Work to complete.
The number of lines below holding the string "Photo" is the only answer wanted.

Collected data entries:
··········

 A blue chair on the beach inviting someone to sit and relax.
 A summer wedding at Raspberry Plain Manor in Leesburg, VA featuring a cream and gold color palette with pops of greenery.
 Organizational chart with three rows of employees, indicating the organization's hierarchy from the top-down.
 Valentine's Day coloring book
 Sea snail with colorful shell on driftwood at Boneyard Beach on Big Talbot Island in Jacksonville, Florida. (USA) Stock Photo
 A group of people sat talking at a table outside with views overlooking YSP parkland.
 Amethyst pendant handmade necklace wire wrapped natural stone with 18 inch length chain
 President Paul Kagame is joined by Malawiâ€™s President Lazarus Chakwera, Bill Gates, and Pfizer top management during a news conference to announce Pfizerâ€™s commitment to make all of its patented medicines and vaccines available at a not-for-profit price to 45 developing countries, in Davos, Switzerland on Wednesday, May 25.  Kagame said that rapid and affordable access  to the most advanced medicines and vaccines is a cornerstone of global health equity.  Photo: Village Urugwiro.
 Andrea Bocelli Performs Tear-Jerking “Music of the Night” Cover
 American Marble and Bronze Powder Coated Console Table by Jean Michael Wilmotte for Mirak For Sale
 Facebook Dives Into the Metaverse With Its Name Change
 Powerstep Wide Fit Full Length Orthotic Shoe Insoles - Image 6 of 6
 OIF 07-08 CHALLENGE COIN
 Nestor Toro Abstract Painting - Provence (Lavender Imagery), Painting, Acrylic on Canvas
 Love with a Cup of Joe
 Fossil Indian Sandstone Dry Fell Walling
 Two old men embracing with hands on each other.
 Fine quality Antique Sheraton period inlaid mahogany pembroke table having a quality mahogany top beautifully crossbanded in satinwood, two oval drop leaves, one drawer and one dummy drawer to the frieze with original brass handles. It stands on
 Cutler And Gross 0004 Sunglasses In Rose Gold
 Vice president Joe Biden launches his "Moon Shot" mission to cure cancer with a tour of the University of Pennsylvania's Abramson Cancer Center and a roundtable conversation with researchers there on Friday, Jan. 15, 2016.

··········

Result.
2